Brief →
The output must consist only of the lines from the one with "16brand Sixteen Eye" through the end of the listing, restated exactly and free of pictures.

Dataset excerpt →
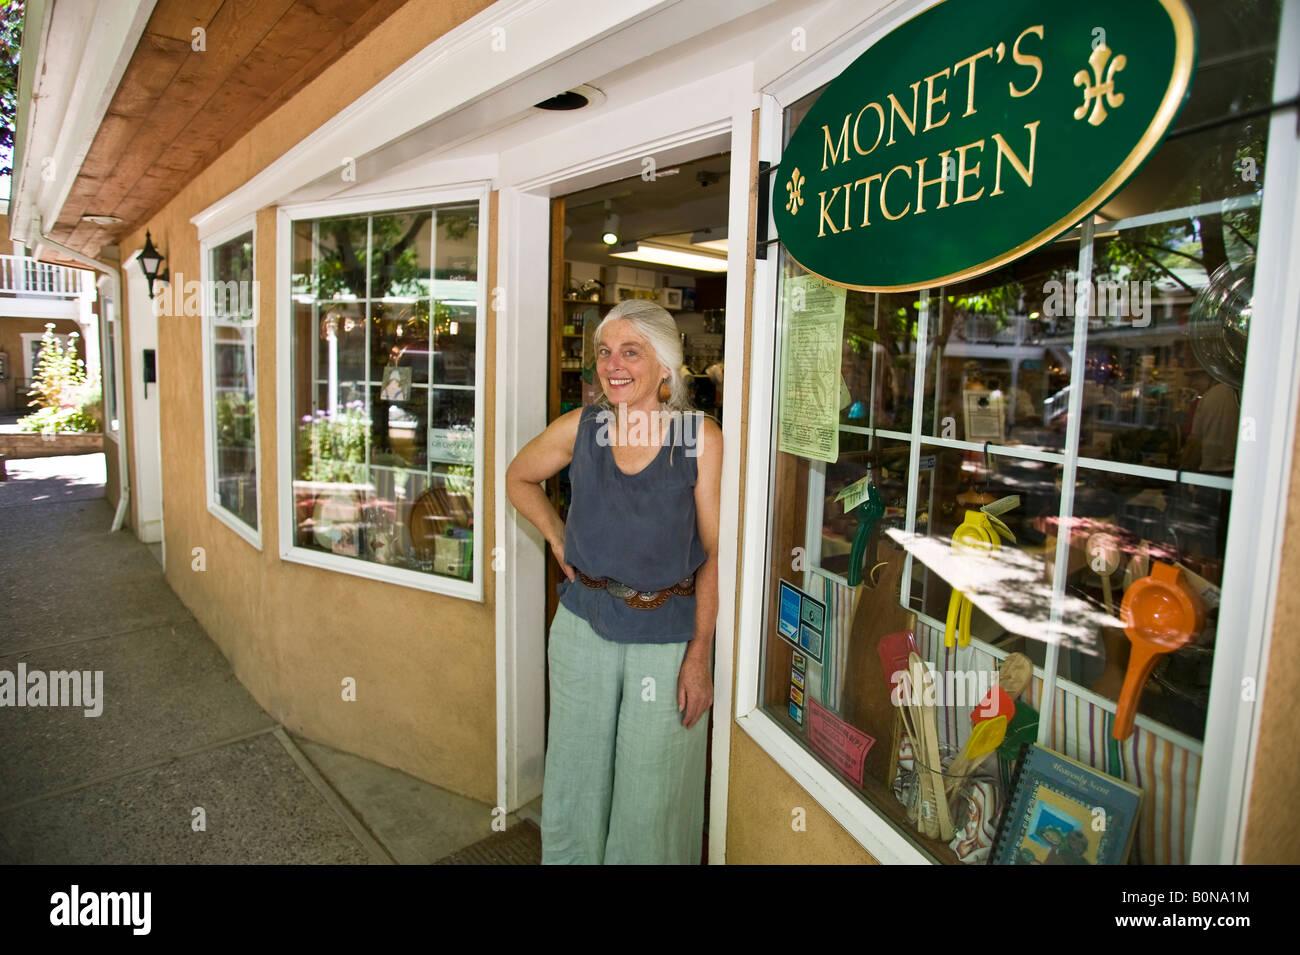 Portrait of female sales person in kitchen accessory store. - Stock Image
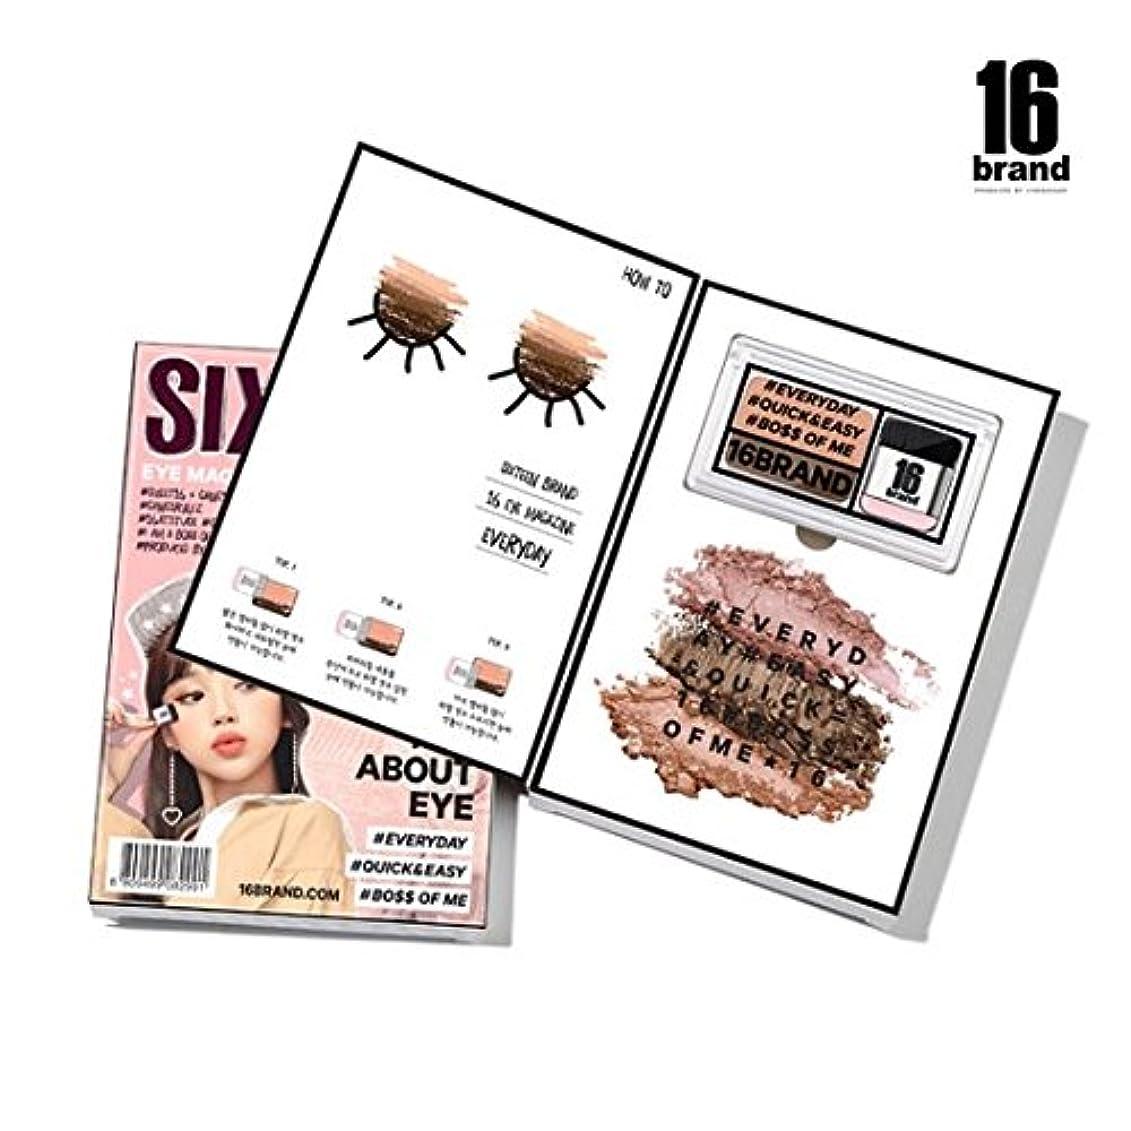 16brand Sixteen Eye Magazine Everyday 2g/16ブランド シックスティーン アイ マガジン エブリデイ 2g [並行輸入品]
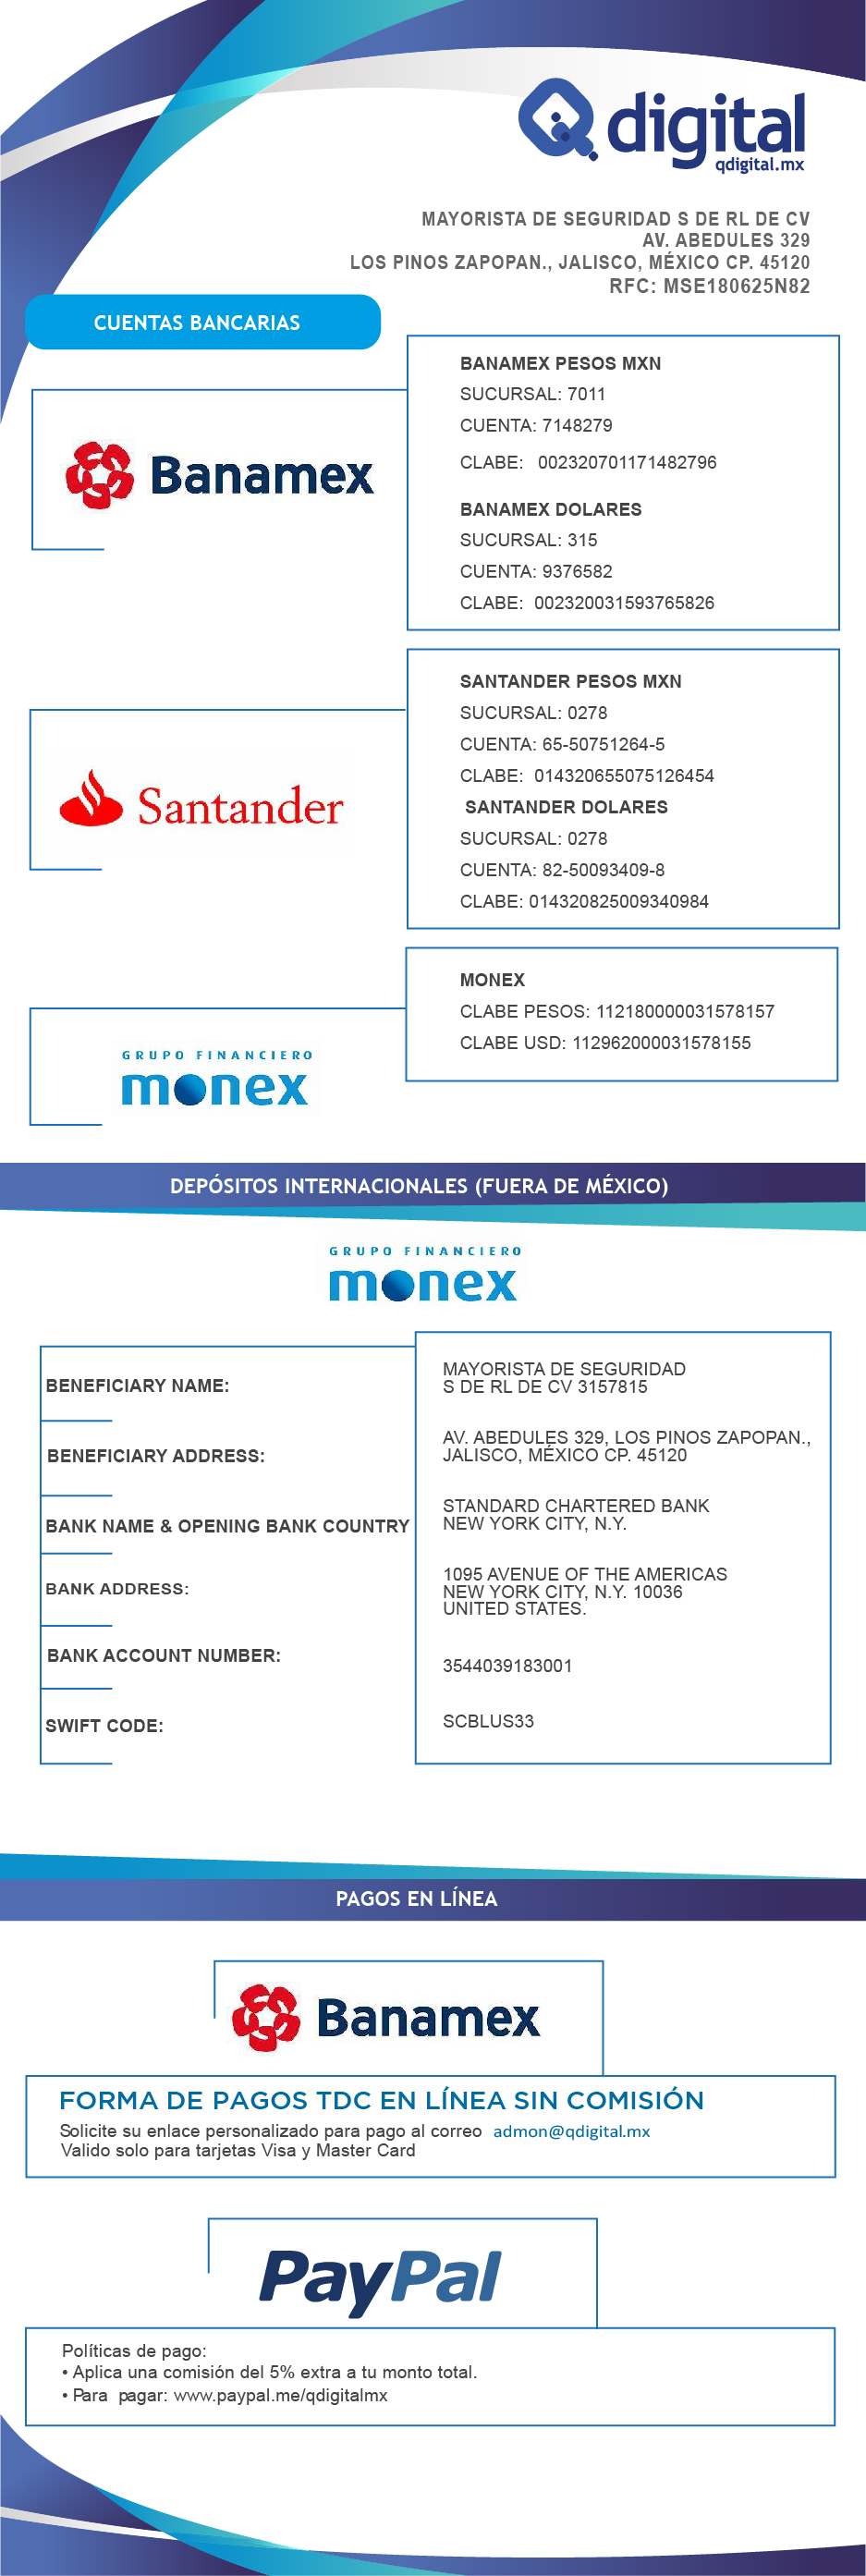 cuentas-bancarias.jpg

Answer box →
 16brand Sixteen Eye Magazine Everyday 2g/16ブランド シックスティーン アイ マガジン エブリデイ 2g [並行輸入品]
 cuentas-bancarias.jpg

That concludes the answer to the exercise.